The CEO of Ironclad says we’ve been hearing that “data is the new oil” for years, and this new era of privately trained AI is poised to prove it.

AI is entering its ‘Napster’ phase. This is who’s going to ‘own’ it next
[Source photo: Thirdman/Pexels; Bartosz Kwitkowski/Unsplash]

Much of what we read about AI these days leans toward either breathless excitement or existential fear: Will we reach the singularity and attain impossible levels of achievement? Or will AI be a destructive force, hollowing out our workforce and spinning out of control?

While no one can predict the long-term impact of such a new technology, I think AI’s next act will be shaped less by the breathless futurists and more by the slow-churning safeguards of our legal system and the thinkers at the edge of copyright law.

We have seen this before. Whenever big disruptive technologies emerge, they can rapidly gain users before the law has a chance to catch up.

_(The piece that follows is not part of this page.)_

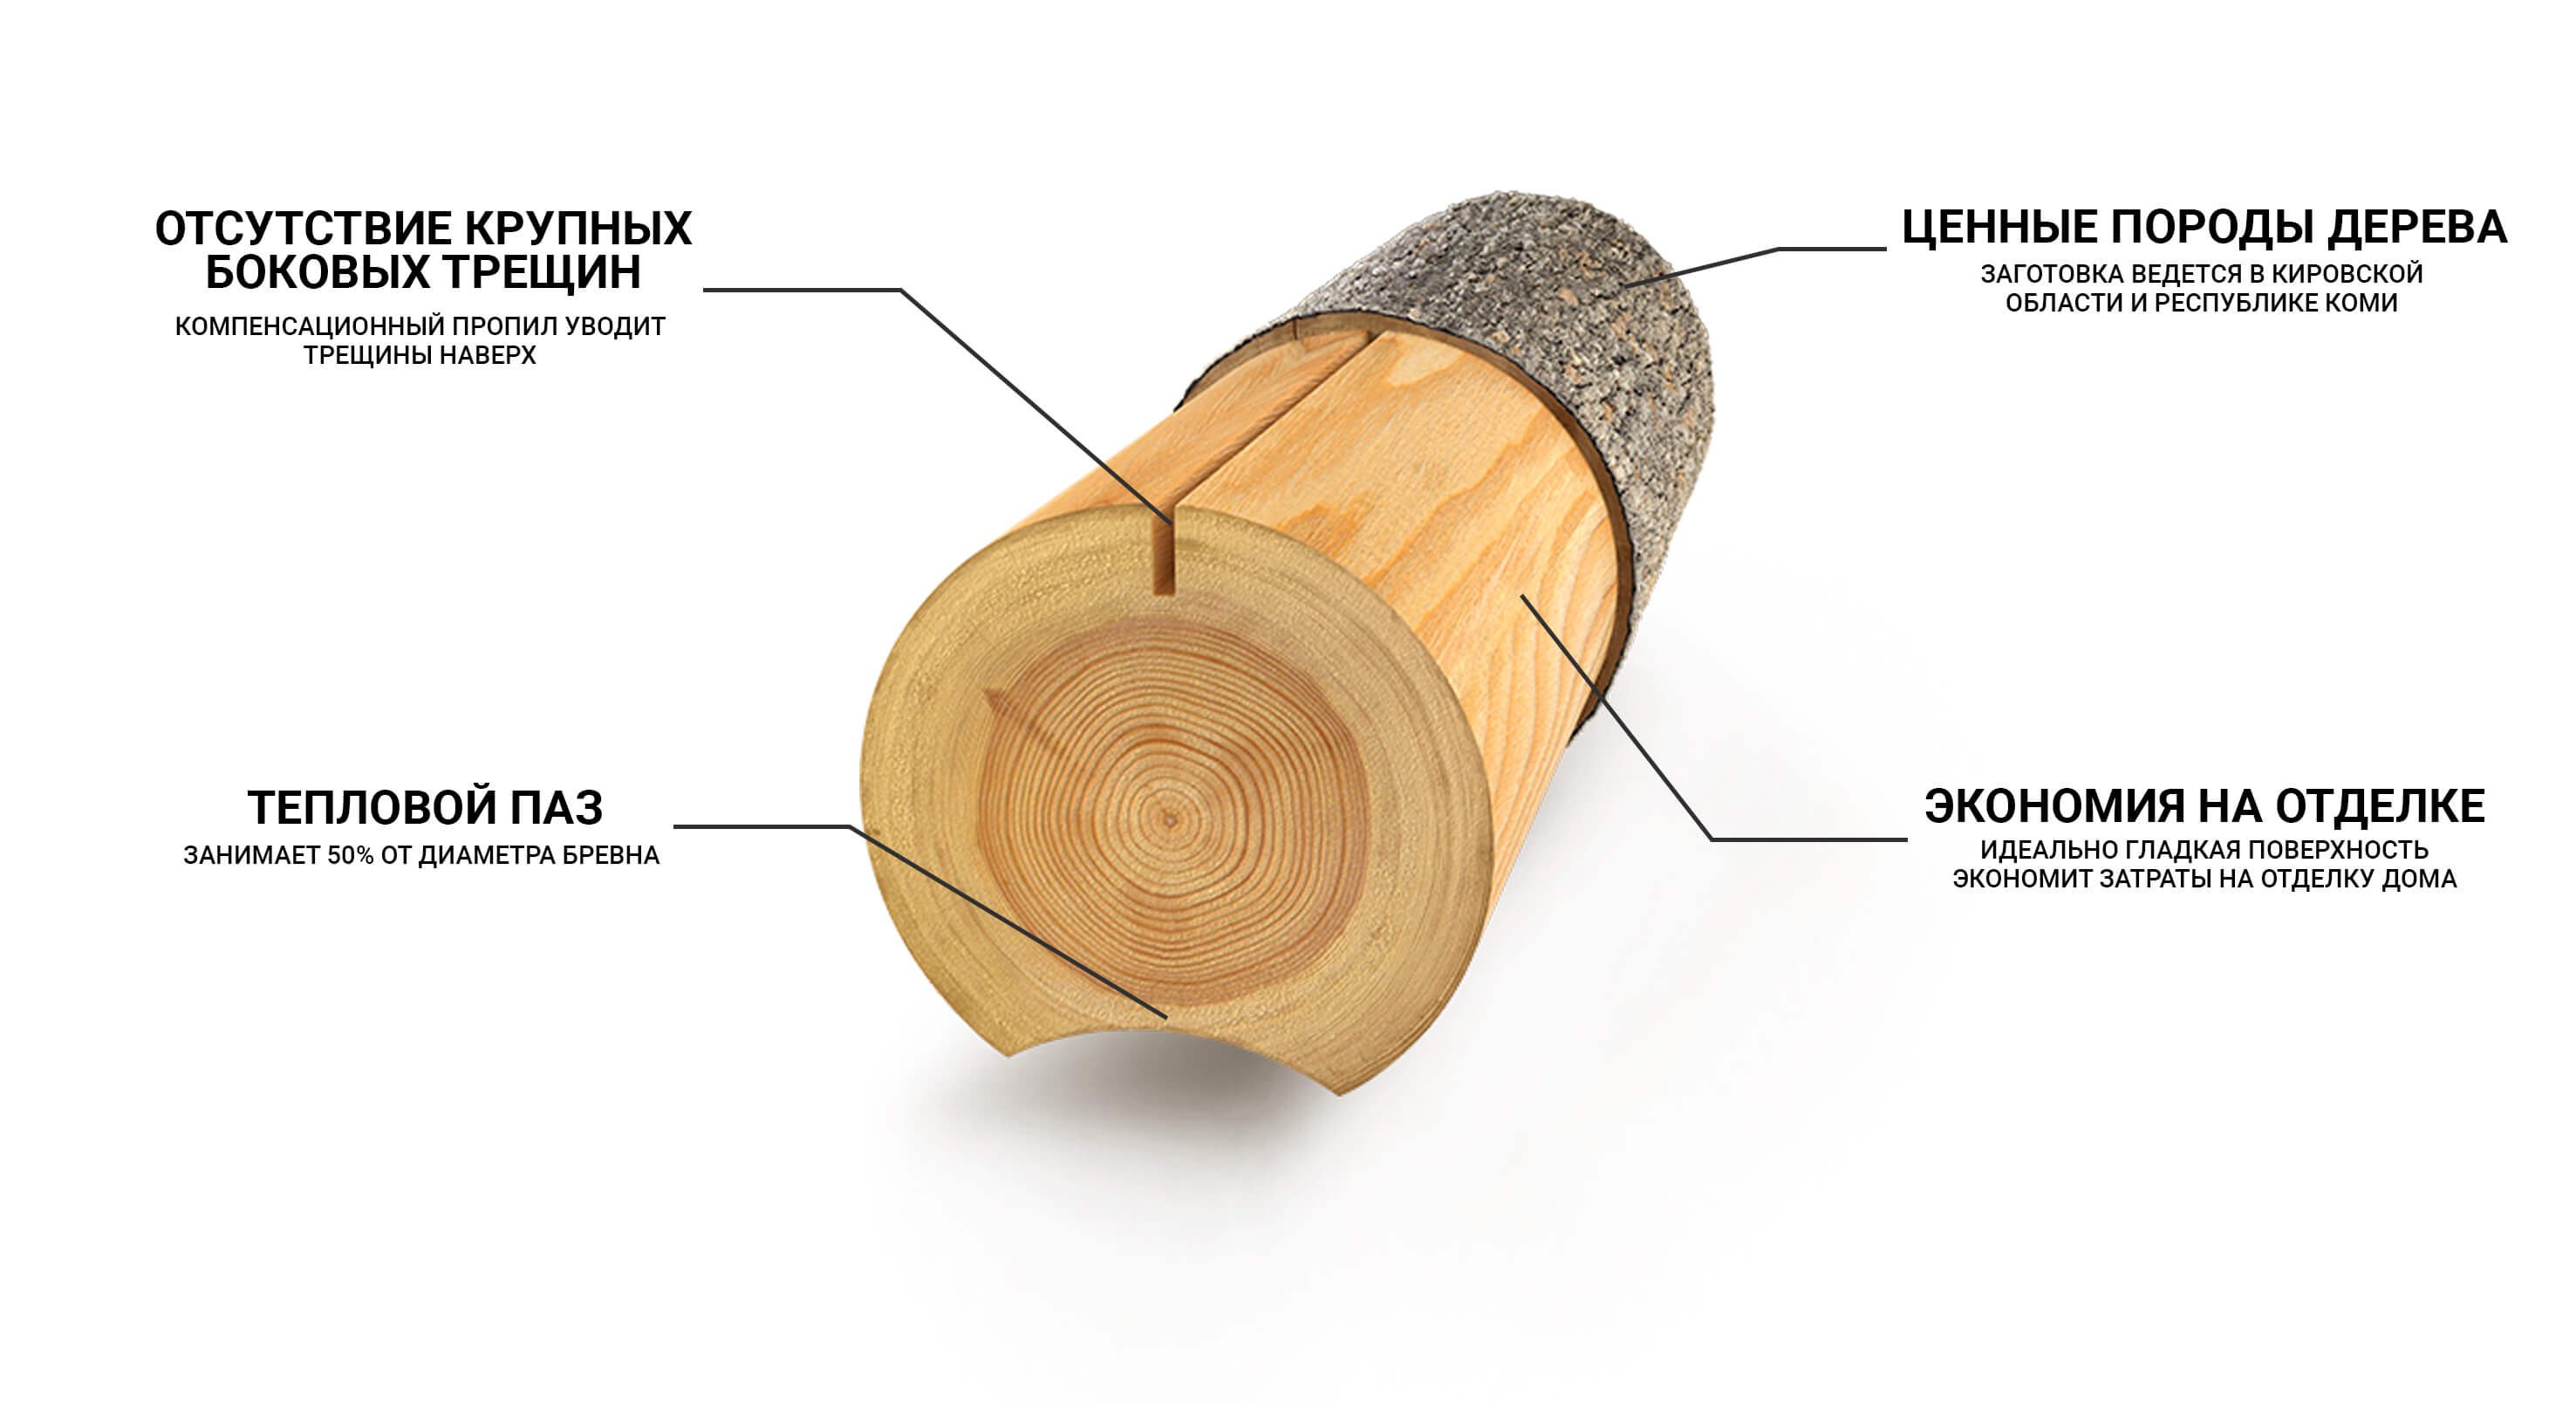 Строение и химический состав древесины

Consider the rise of peer-to-peer (P2P) file sharing. In 1999, Napster took the world by storm, offering a revolutionary new technology that allowed anyone to contribute, search for, and download content. Overnight, millions of users were exchanging digital files—almost all of them copyrighted material.

I remember being in college when it came out. My friends and I were blown away by how much music we could access on demand. You no longer had to track down a physical copy of what you wanted to listen to. And you could access scale on an order of magnitude previously unimaginable.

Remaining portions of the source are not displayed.